A sinusoidal voltage V(t) = 100 sin(500t) is applied across a pure inductance of L = 0.02H. The current through the coil is:

We are given a sinusoidal voltage $$ V(t) = 100 \sin(500t) $$ applied across a pure inductance of $$ L = 0.02 \, \text{H} $$. We need to find the current through the coil.
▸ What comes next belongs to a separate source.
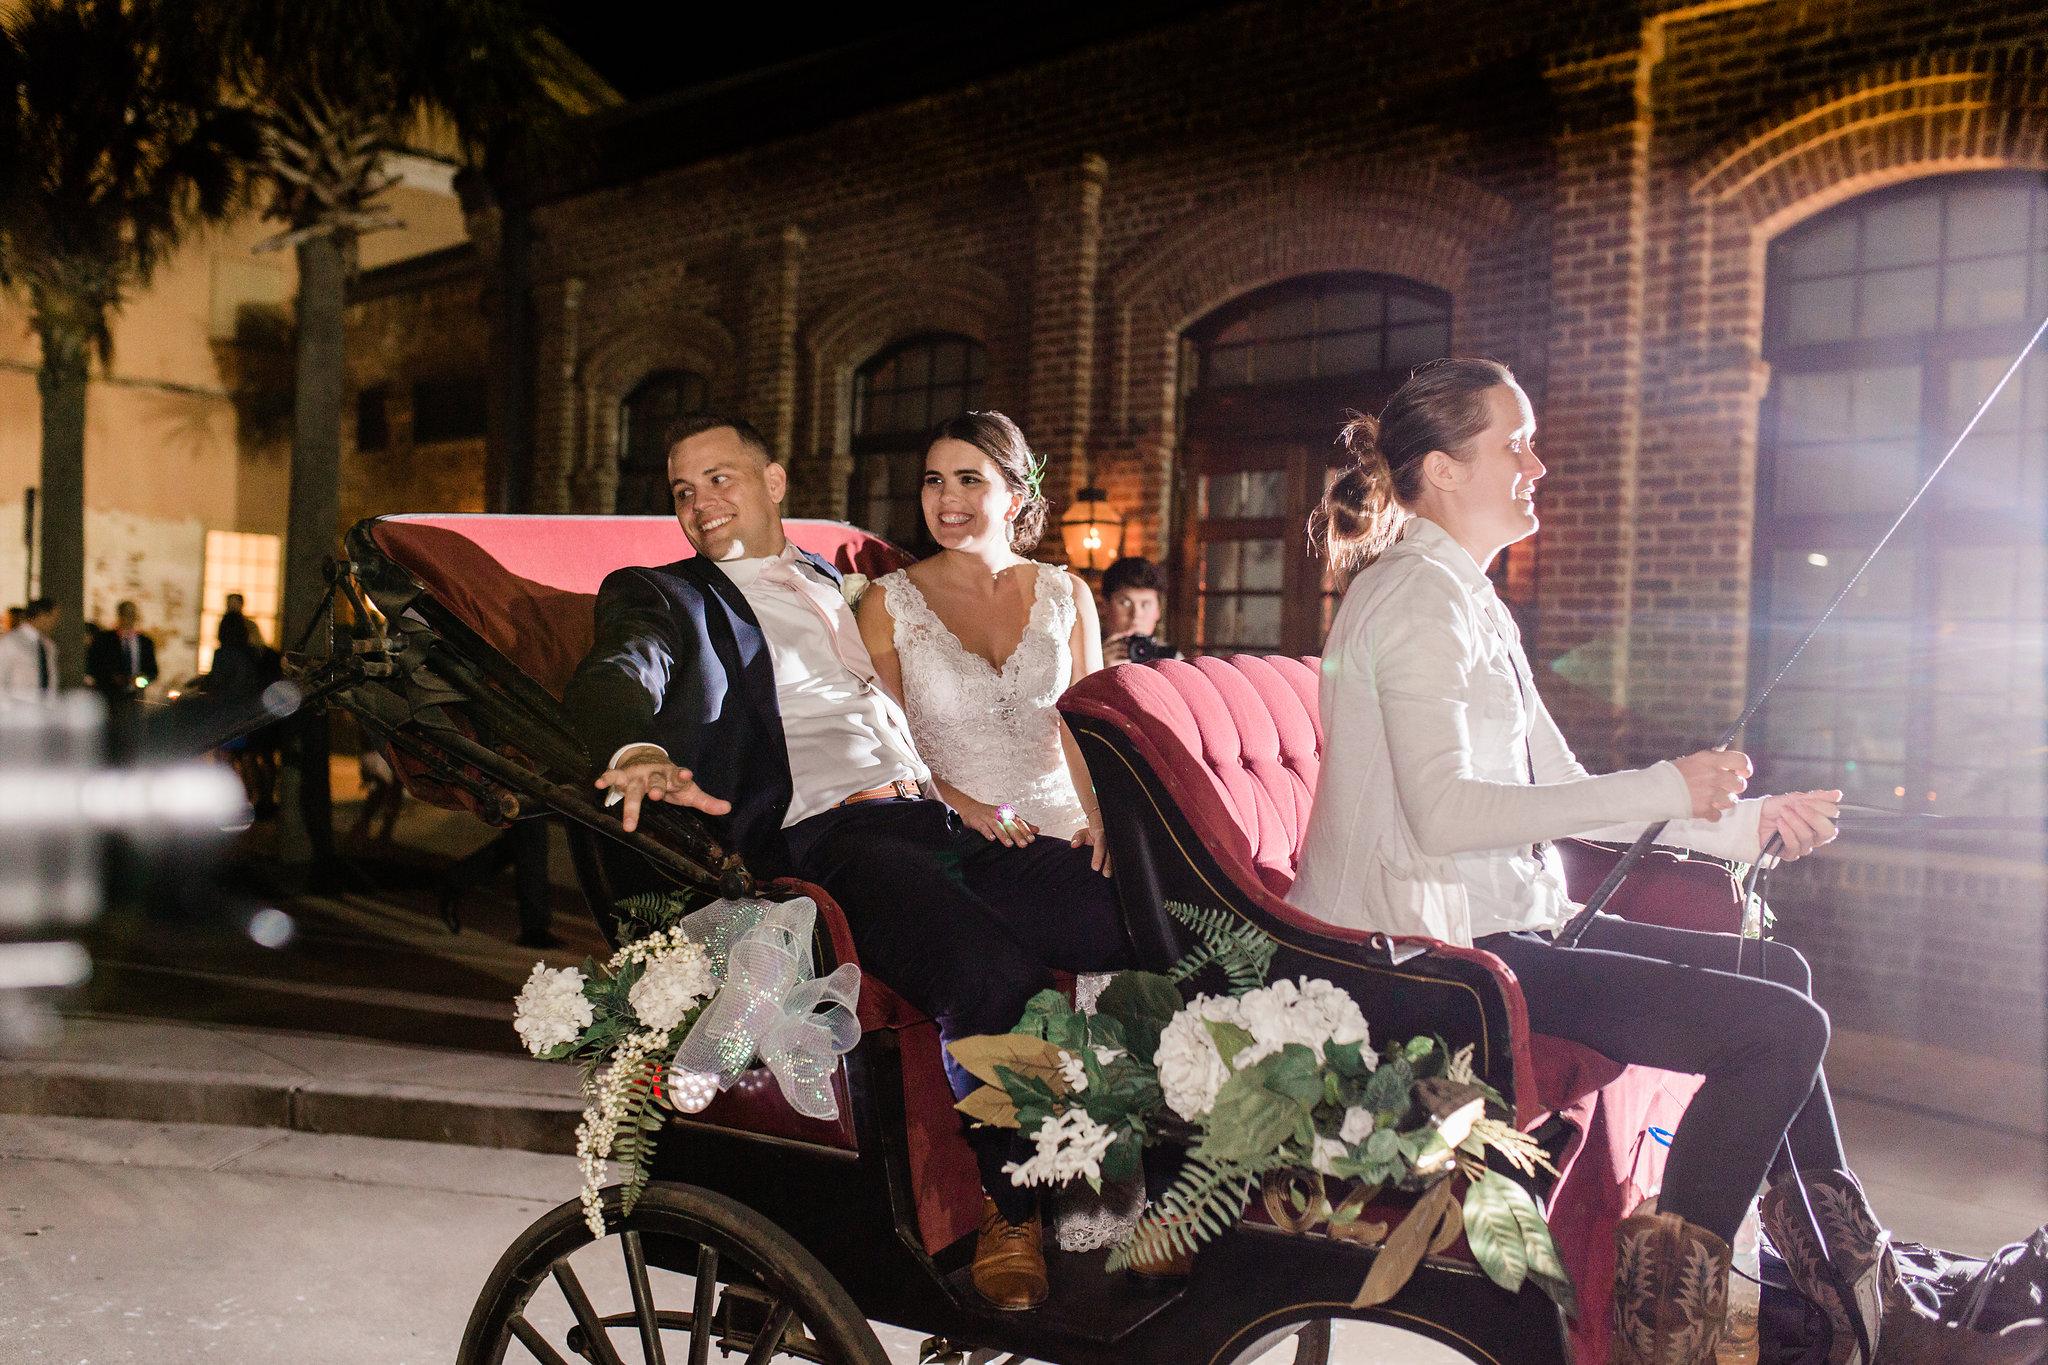 apt-b-photography-Savannah-wedding-photographer-savannah-engagement-photographer-historic-savannah-engagement-charles-h-morris-center-wedding-savannah-weddings-52.JPG

For a pure inductor, the relationship between voltage and current is given by:

$$ V(t) = L \frac{di}{dt} $$

Substituting the given values:

$$ 100 \sin(500t) = 0.02 \cdot \frac{di}{dt} $$

Now, solve for $$ \frac{di}{dt} $$:

$$ \frac{di}{dt} = \frac{100 \sin(500t)}{0.02} $$

Calculate the numerical value:

$$ \frac{100}{0.02} = 5000 $$

So,

$$ \frac{di}{dt} = 5000 \sin(500t) $$

To find the current $$ i(t) $$, integrate both sides with respect to $$ t $$:

$$ i(t) = \int 5000 \sin(500t) \, dt $$

The integral of $$ \sin(500t) $$ is $$ -\frac{\cos(500t)}{500} $$, because the derivative of $$ \cos(500t) $$ is $$ -500 \sin(500t) $$, so the antiderivative of $$ \sin(500t) $$ is $$ -\frac{\cos(500t)}{500} $$. Therefore:

$$ i(t) = 5000 \cdot \left( -\frac{\cos(500t)}{500} \right) + C $$

where $$ C $$ is the constant of integration.

Simplify the expression:

$$ i(t) = -\frac{5000}{500} \cos(500t) + C $$

$$ i(t) = -10 \cos(500t) + C $$

In AC circuits with pure inductance, the average current over a full cycle is zero, and there is no DC component. Therefore, we can assume the constant $$ C = 0 $$. Additionally, the current in an inductor lags the voltage by $$ 90^\circ $$ (or $$ \frac{\pi}{2} $$ radians). Since the voltage is a sine function, the current should be a negative cosine function, which matches the form above without a constant term.

Thus, the current is:

$$ i(t) = -10 \cos(500t) $$

Comparing with the options:

A. $$ 10 \cos(500t) $$

B. $$ -10 \cos(500t) $$

C. $$ 10 \sin(500t) $$

D. $$ -10 \sin(500t) $$

Our solution matches option B.

Hence, the correct answer is Option B.